Johnny Depp vs. Amber Heard: la batalla de divorcio hecha meme

Foto: Jim Lo Scalzo/Pool Photo via AP

Entremedio del mar de noticias que remecen al mundo, el juicio por difamación entre dos actores hollywoodenses pareciera haberse convertido en placer culpable. ¿Qué es lo que tiene esta batalla legal tan poco pudorosa convertida en una adicción?



Vivíamos al borde de un volcán emocionante. No es fácil estar casado o vivir conmigo. Yo explotaba de forma violenta alrededor de dos veces al año. Ella también lo hacía. Era grandioso. Pero también era un asesinato”.

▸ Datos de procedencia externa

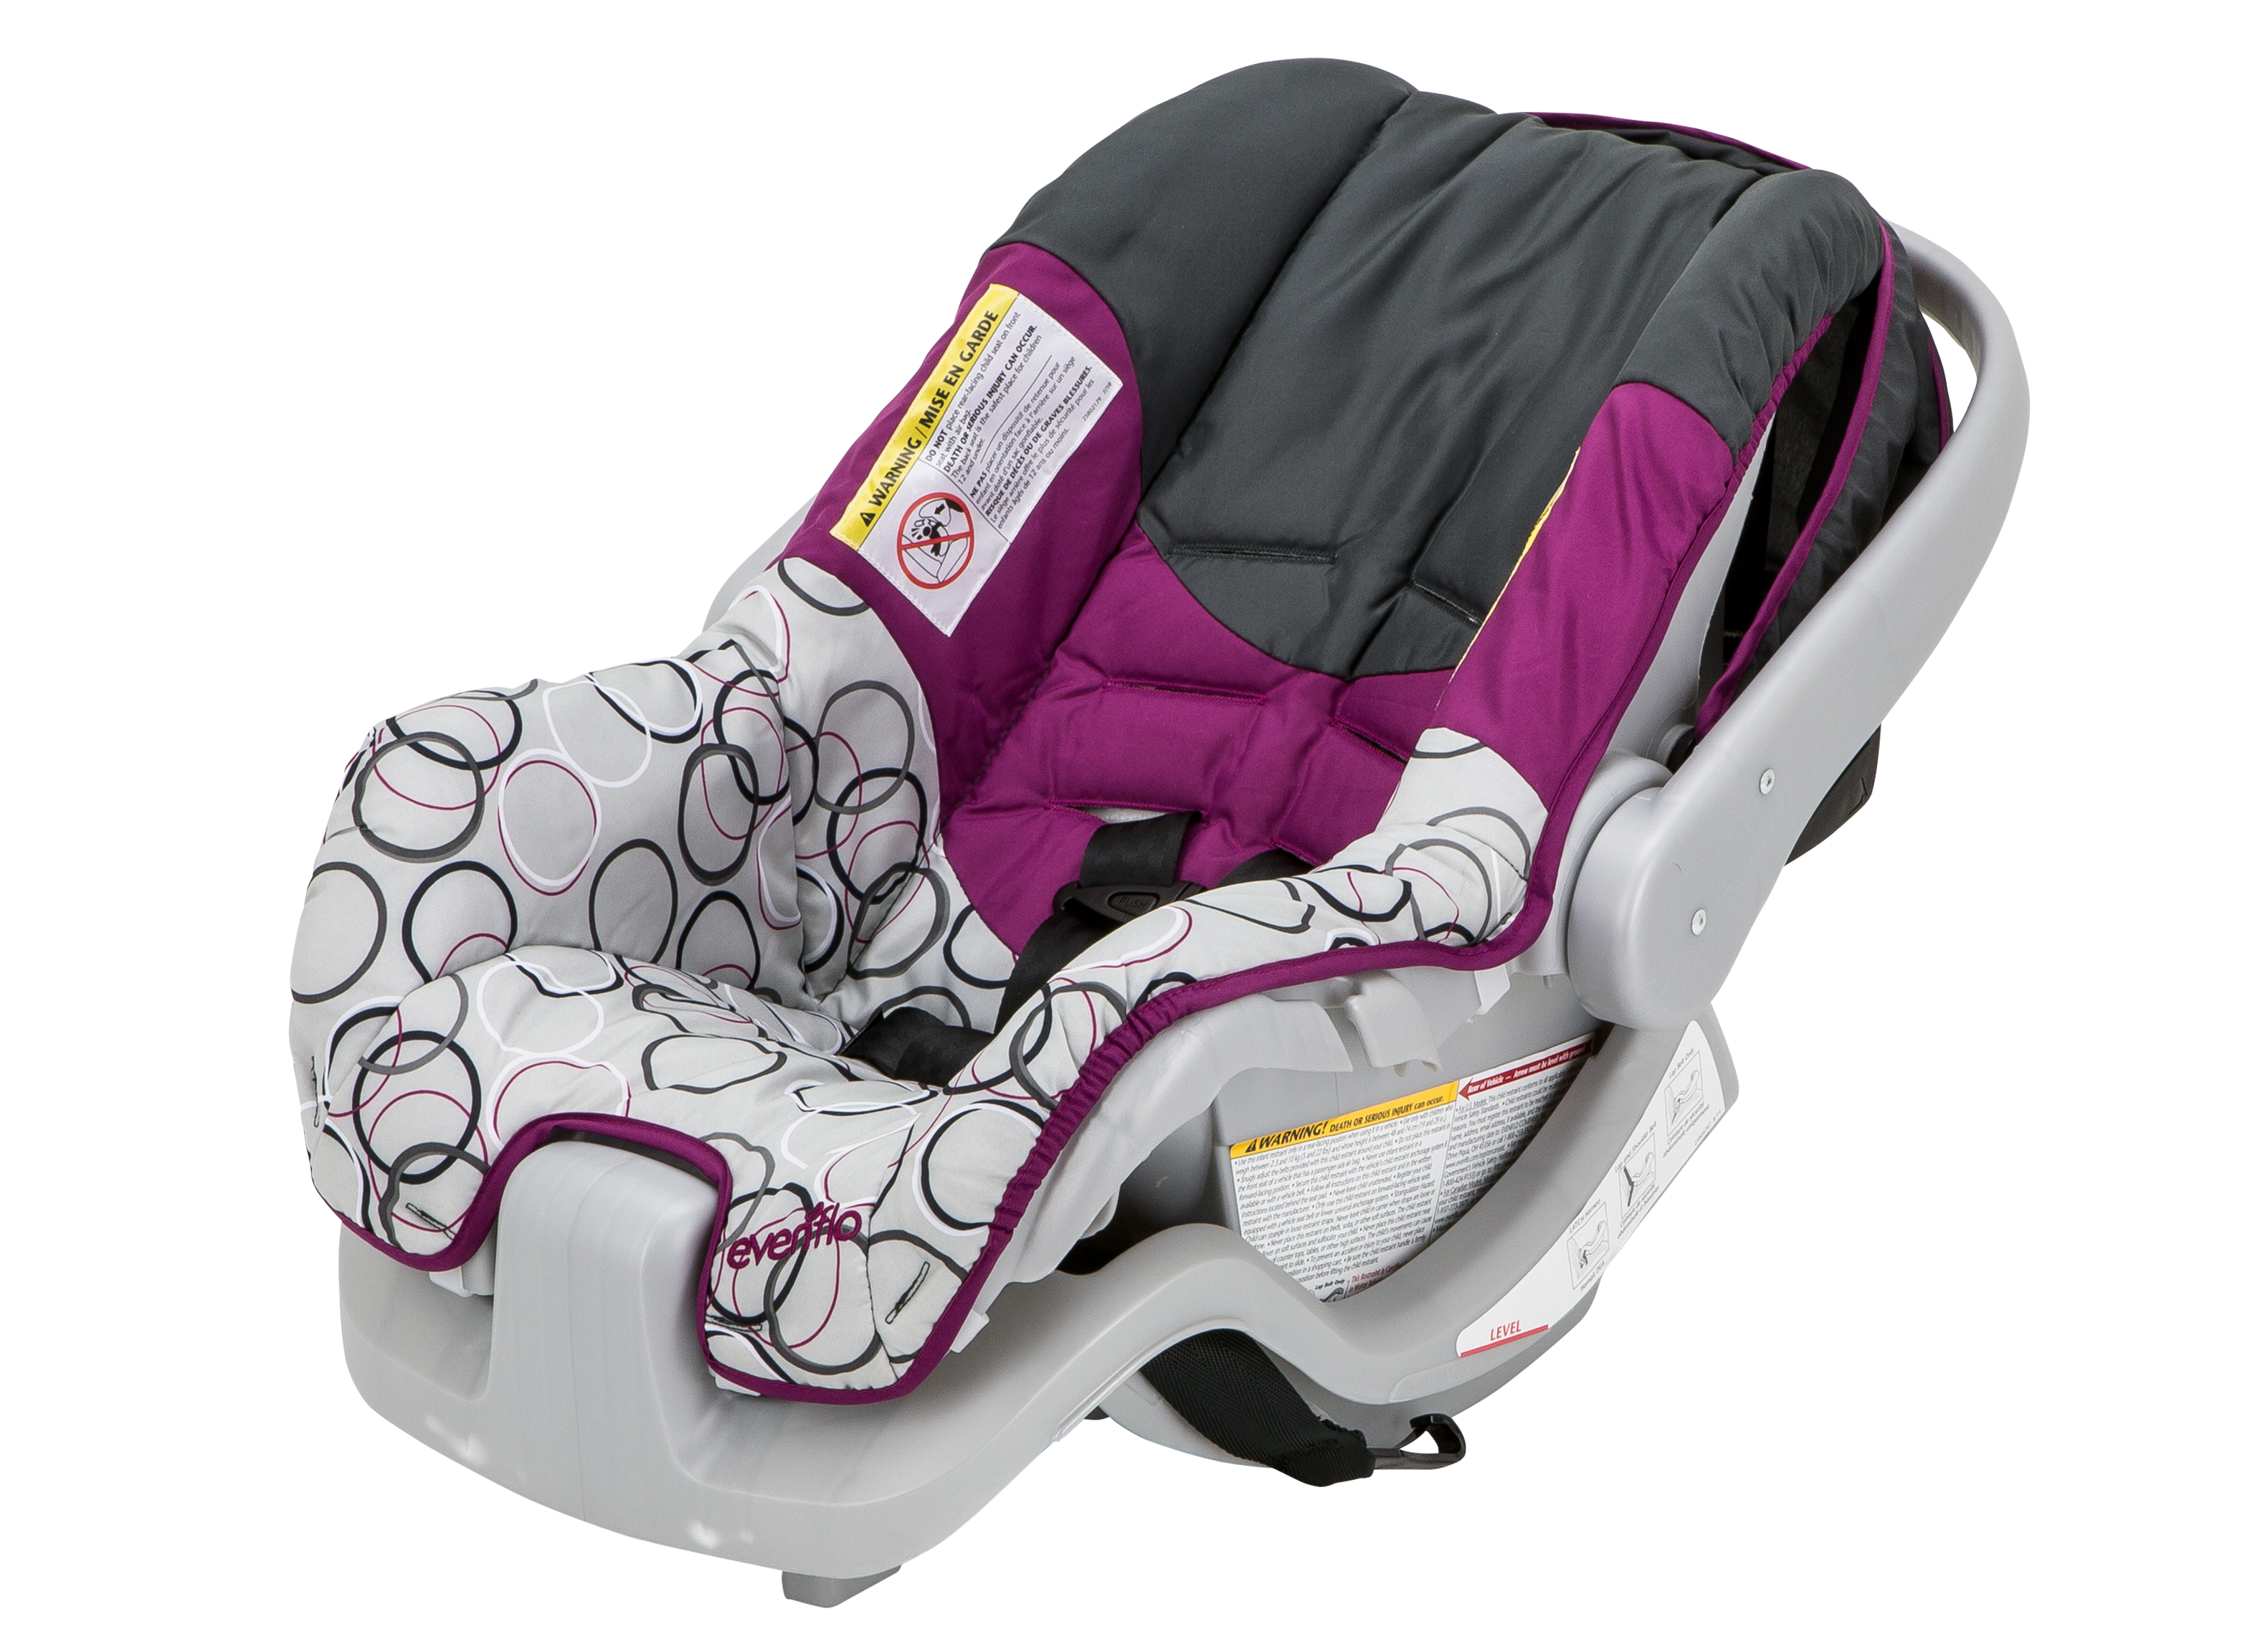 Evenflo Nurture Infant Car Seat Consumer Reports - How To Install Evenflo Nurture Car Seat Base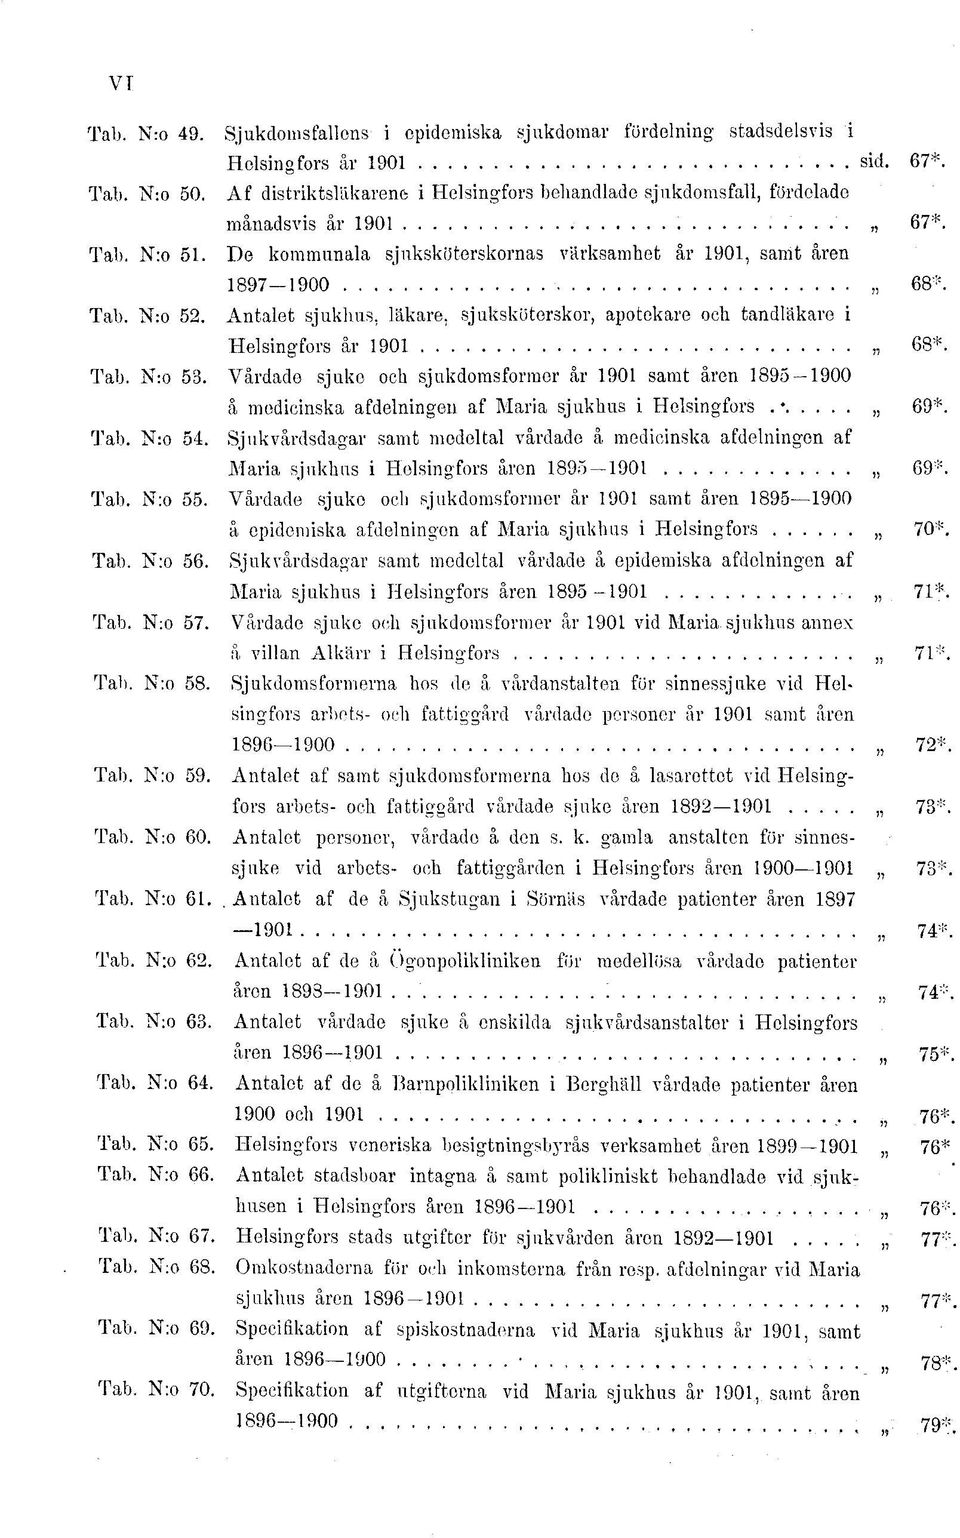 Antalet sjukhus, läkare, sjuksköterskor, apotekare och tandläkare i Helsingfors år 1901 68*. Tab. N:o 53.

Richard Burton recordaba así sus dos matrimonios y respectivos divorcios con Elizabeth Taylor; una de las parejas más glamorosas de la historia de Hollywood, cimentó en leyenda sus míticas peleas, agregando esa violencia al envoltorio de glamour en el que siempre serán recordados.

Otros tiempos, claro, en cuanto a la normalización de la violencia, como en lo que significa ser una estrella. Hemos visto divorcios y divorcios en Hollywood, desde un Allen versus Farrow que hasta hoy, cada ciertos años, resucita; al de Brangelina, donde siguen judicializando la custodia de sus múltiples hijos, pero la prensa se entera solo entre susurros y trascendidos. Los trapos sucios no siempre se han lavado en casa, pero ese muro invisible que nos separa a los mortales de estos humanos enrarecidos que son las estrellas de Hollywood se mantenía de alguna forma en pie, dejándonos asomarnos a veces a sus miserias y conflictos para un consumo casi morboso y también tranquilizador: en sus mansiones, en sus cuerpos y caras perfectas, detrás de su brillo en pantallas gigantes, los famosos son como nosotros: caóticos.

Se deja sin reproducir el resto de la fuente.